France increases to €9,000 grants for property owners

A French scheme to provide financial aid to property owners seeking to replace oil and gas boilers with eco-friendly alternatives has been extended, with grants of up to €9,000 now available.

France increases to €9,000 grants for property owners

The French government will increase the amount of money available to replace gas and oil-powered boilers through the MaPrimeRenov’ scheme, part of a package of measures announced by Prime Minister Jean Castex on Wednesday

Environment Minister Barbara Pompili said that from April 15th, some households would be able to benefit from an extra €1,000 to “accelerate the replacement of fossil fuel-powered boilers with renewable heating solutions”, such as heat pumps and biomass heaters. 

It will no longer be possible to use state funding to replace a gas boiler with another, more efficient gas boiler. 
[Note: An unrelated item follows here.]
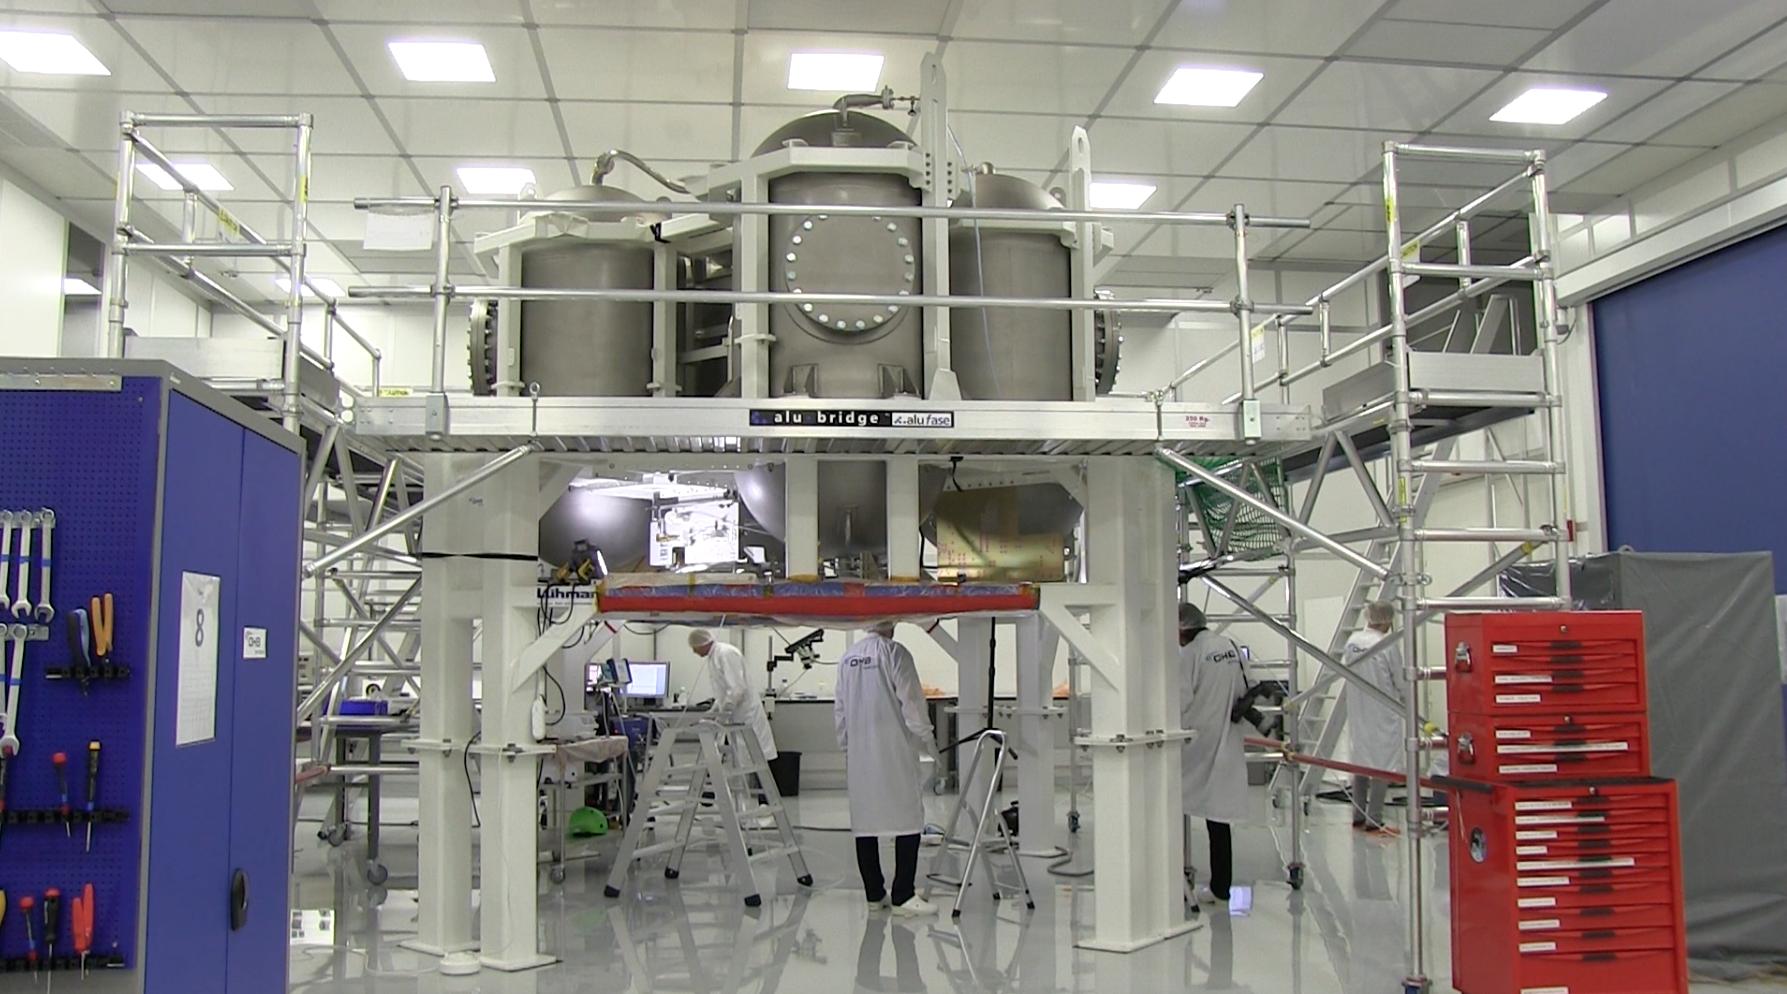 Modell av raketmotordelen till Nasa:s nästa rymdfarkost Orion.

This brings the total state aid available for replacing boilers up to €9,000. 

Who can benefit? 

The funding for boiler replacement is available through the MaPrimeRenov’ scheme – which is available to anyone who owns property in France. 

Applicants for funding do however need a French numéro fiscal (tax number) and a copy of their latest tax declaration, which means those who do not file the annual tax declaration in France are effectively excluded. 

You can only apply for funding if your property is more than two years old. 

The amount of money you could receive depends on a range of criteria including: household income; the number of people living in the household; and the location of the property. 

You can read more about the MaPrimeRenov’ scheme HERE

Why is the government doing this? 

The move essentially allows France to faire d’une pierre deux coups – hit two birds with one stone.

One one hand, it will allow the country to cut down on greenhouse gas emissions in the face of the global climate crisis. 

On the other, it allows France to reduce its dependency on Russian gas – which has become a government priority ever since the invasion of Ukraine.

French Prime Minister Jean Castex said the government would target and end to dependency on Russian energy by 2027. The construction of new nuclear plants announced in February will also assist in reaching this objective.